A: Stop worrying about the pain as it will subside. Unless you live with Kymberly. Your muscles are adapting to the fact that you are asking them to pay rent after letting them mooch off you free for years. As long as the pain is not in your joints, you are fine. If your trainer is just the right combination of sadism and compassion, your muscles should be somewhat sore after every session! You wouldn’t pay him to let you lie in the sun would you? While we’re on the topic of numbers, I want to encourage you to pay less attention to your scale (at least for the first few months) and more attention to your clothing size. The speed at which you gain muscle strength (and mass) and lose fat is not exactly equal, so you might not enjoy the scale for a while. I mention this in a purely caring, I Hate Scales, kind of way.
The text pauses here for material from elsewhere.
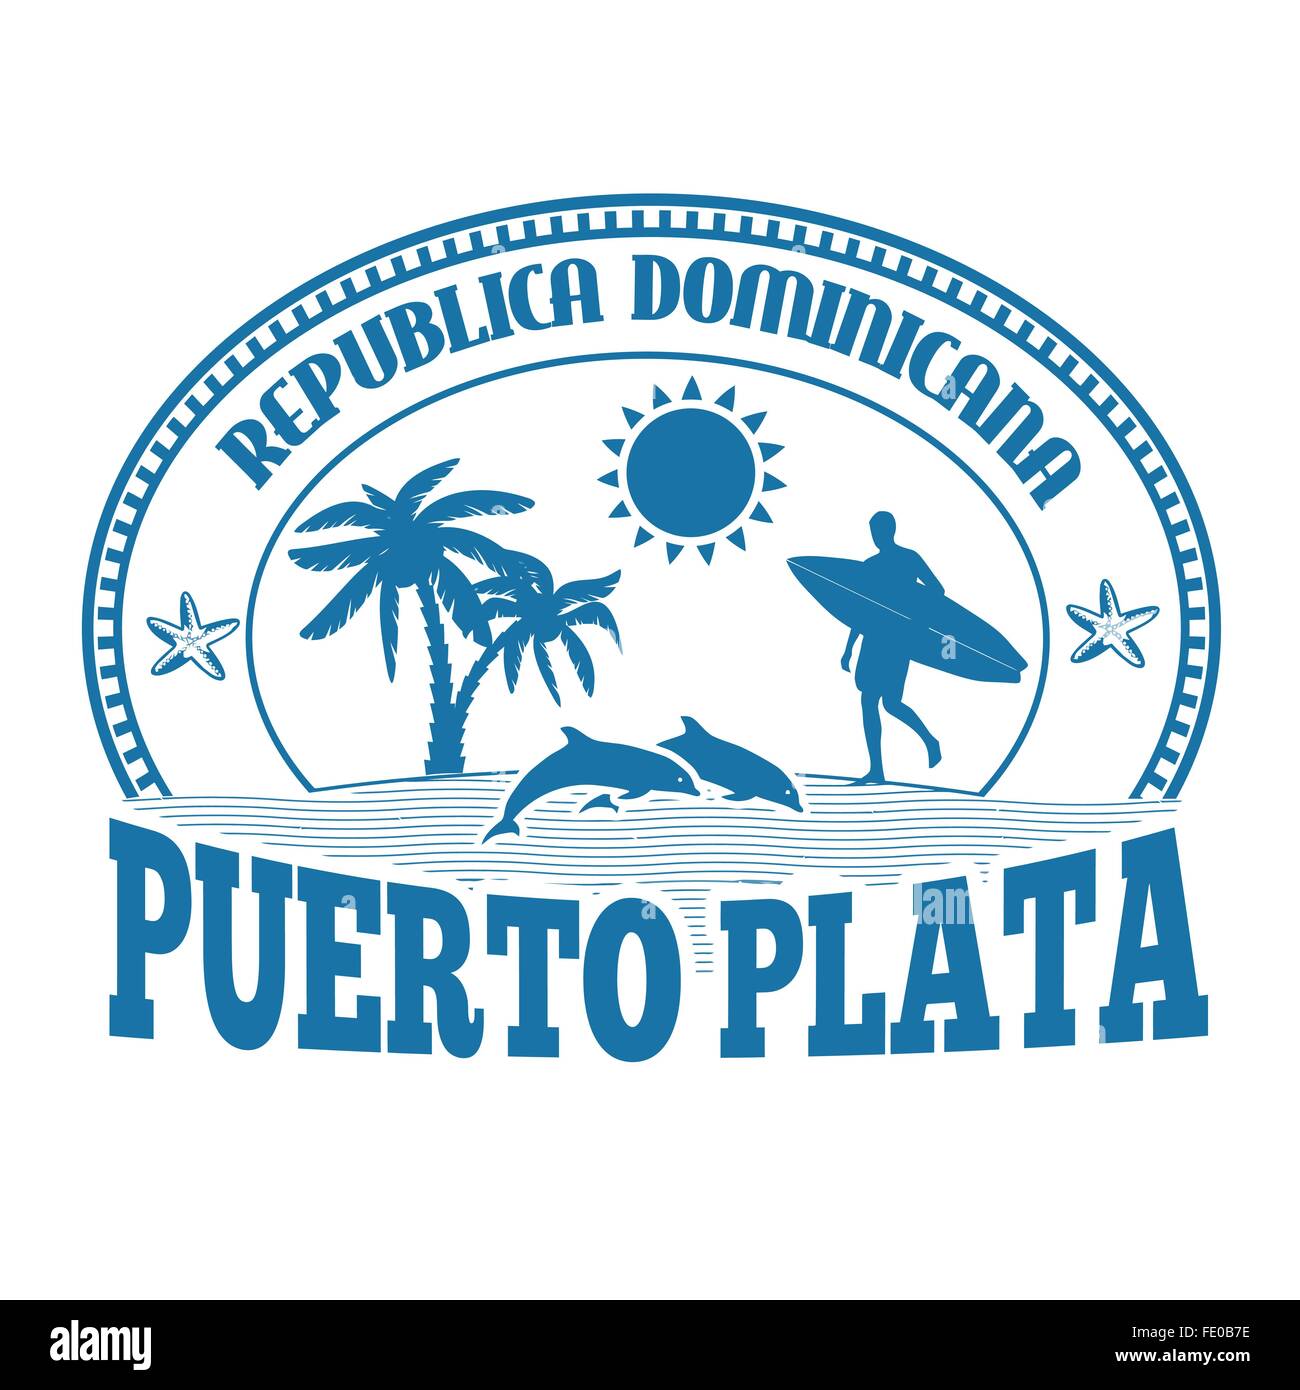 Puerto Plata, Dominikanische Republik, Stempel oder Beschriftung auf weißem Hintergrund, Vektor-illustration Stock Vektor

As we are both group exercise instructors, we are mucho partial to that form of exercise. Read the class descriptions, choose one that does not have these words–advanced, extreme, high, super, energetic, or killer–and get in there. You can wear your baggiest shmatte so don’t worry about the clingy wear at all. Inform the teacher before class starts that you are a beginner. Say you are nervous. Say you want to be right in front so she or he can keep an eye on you. Allude ever so casually to your medical issues if they will affect your heart rate or ability to remain upright. Tell yourself you’ll do 20 minutes, then stay for 30. Let your teacher know with a smile and thumbs up that you are leaving early because you made it this far. We teacher types get nervous if we think people are leaving early so they can go pass out in the locker room. Oh, while you’re in the locker room, look in the mirror and say “Yay-ess! I did it. And will keep on doing it.” We have no idea what “it” is, but have gotten lots of entertainment out of seeing suckers students do this!

Pained Readers: Do you remember first starting out an exercise program? What do you recall about it? And do you like paintings by Rubens?